Она сказала, присмирев:
— Ты не виноват. Это мне — за мое. За выражение лица… И чтоб знала, с кем связываться… — Мелькнула на миг злоба, но нет, только на миг — она отмела, ей не хотелось сейчас обижать Астапа: ведь позади у них осталось таинство, предназначенное природой к священному делу продолжения жизни, и что бы там и как бы там ни было, они пережили кровное родство соития; Женя была почвой, которую бедняга засеял, и ему велел теперь инстинкт хранить и оберегать эту почву ради будущих всходов потомства, и вот он покупал ей расчески, он заботился о ней, и он не мог сейчас не любить ее: она содержала в себе часть его самого; и Женя тоже чувствовала все это и не могла больше держать в себе ненависти к нему.
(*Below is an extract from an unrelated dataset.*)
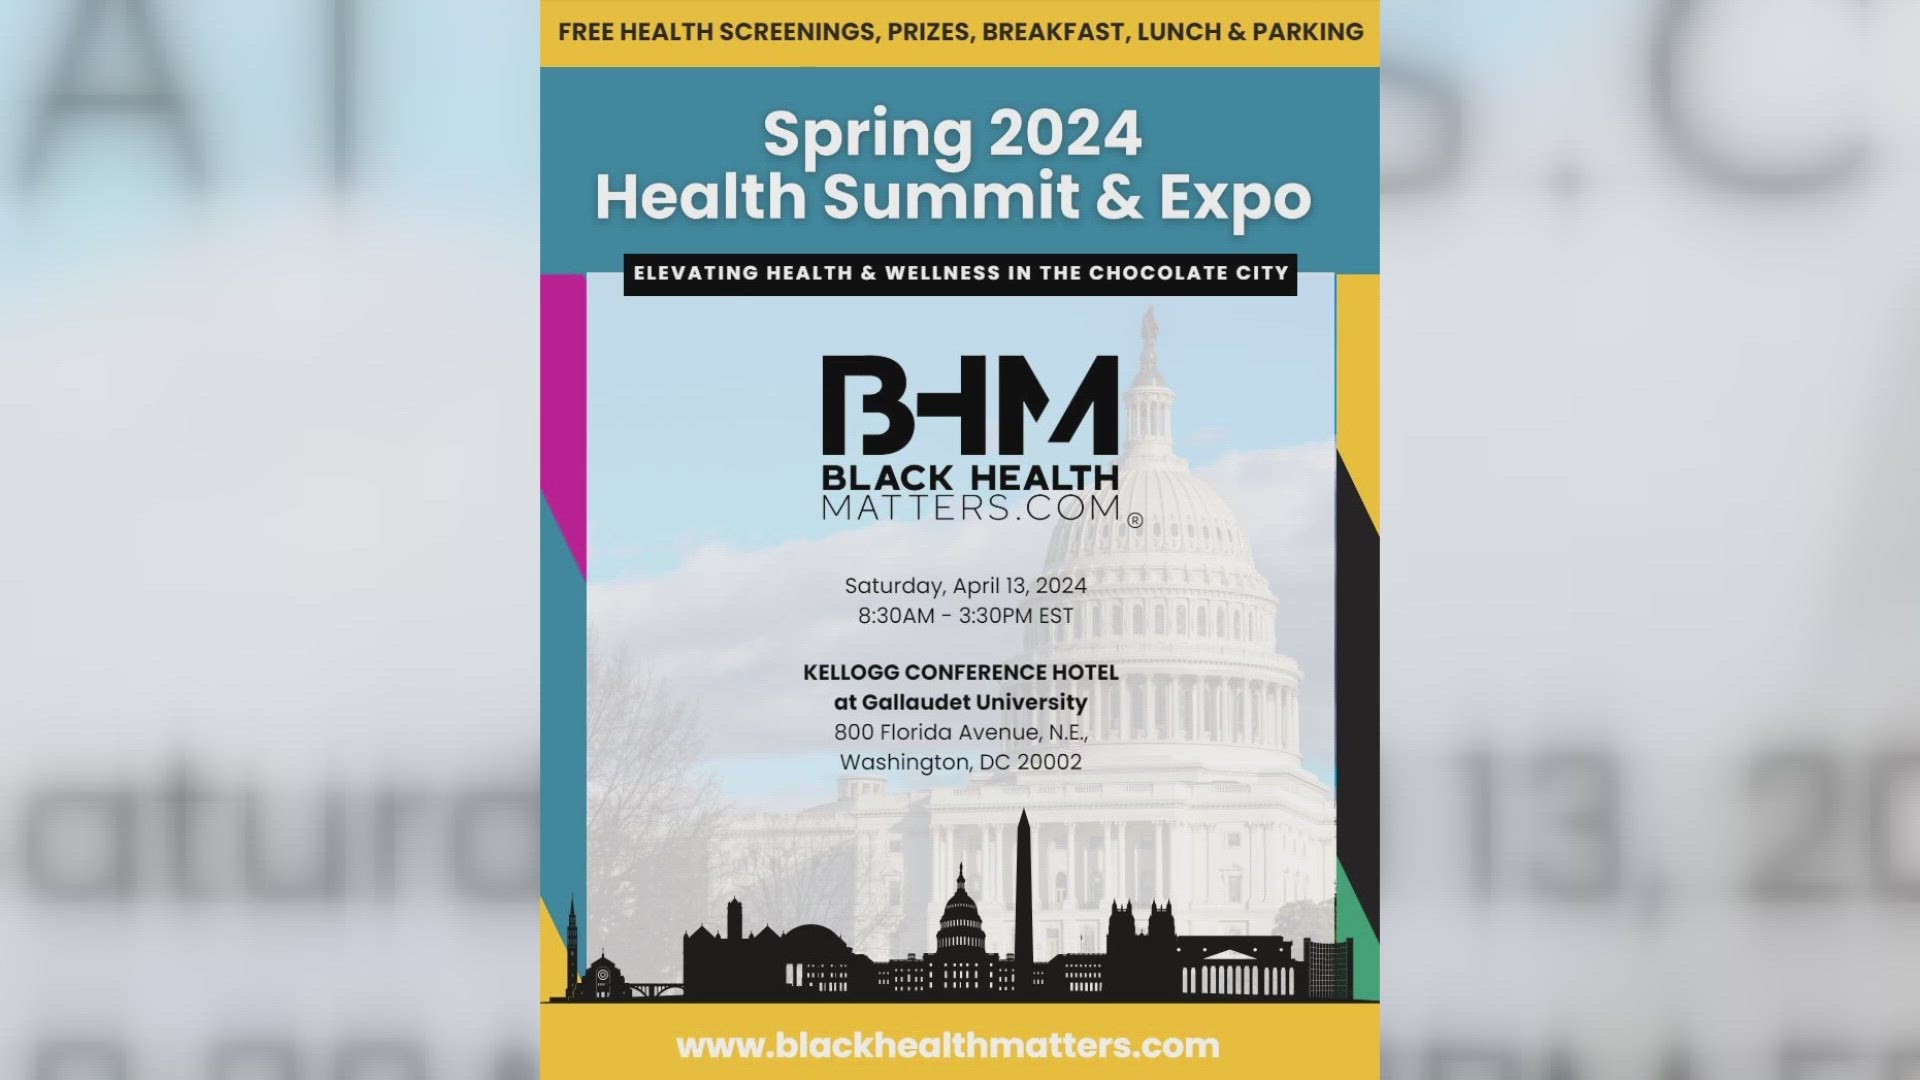 WUSA9 spoke with Roslyn Young-Daniels, founder and CEO of Black Health Matters, about the importance of this event.

Ненависть появилась позднее — в самолете. Проникло, пробралось до самого костного вещества: осквернилась. От брезгливости она несколько раз ходила мыть руки, она прикладывала их к горящему лицу — но очищения не наступало, и, возвращаясь, она с недоумением оглядывала пассажиров: опять эти нейтральные, ни в чем не замешанные лица — но теперь она не верила больше, что они не знают зла, — знают, все видели, но каждый утерся, съел и пошел как ни в чем не бывало — все скоты, и сейчас она была уверена: о каждом из них знает всю подноготную, всю их таимую, постыдную правду — она есть, эта правда, ибо, не кройся она за пристойным покоем их лиц, разве могла бы уцелеть без благотворной среды и тайного пропитания, находимого в каждой из этих душ, зараза, бацилла тупого, жестокого зла!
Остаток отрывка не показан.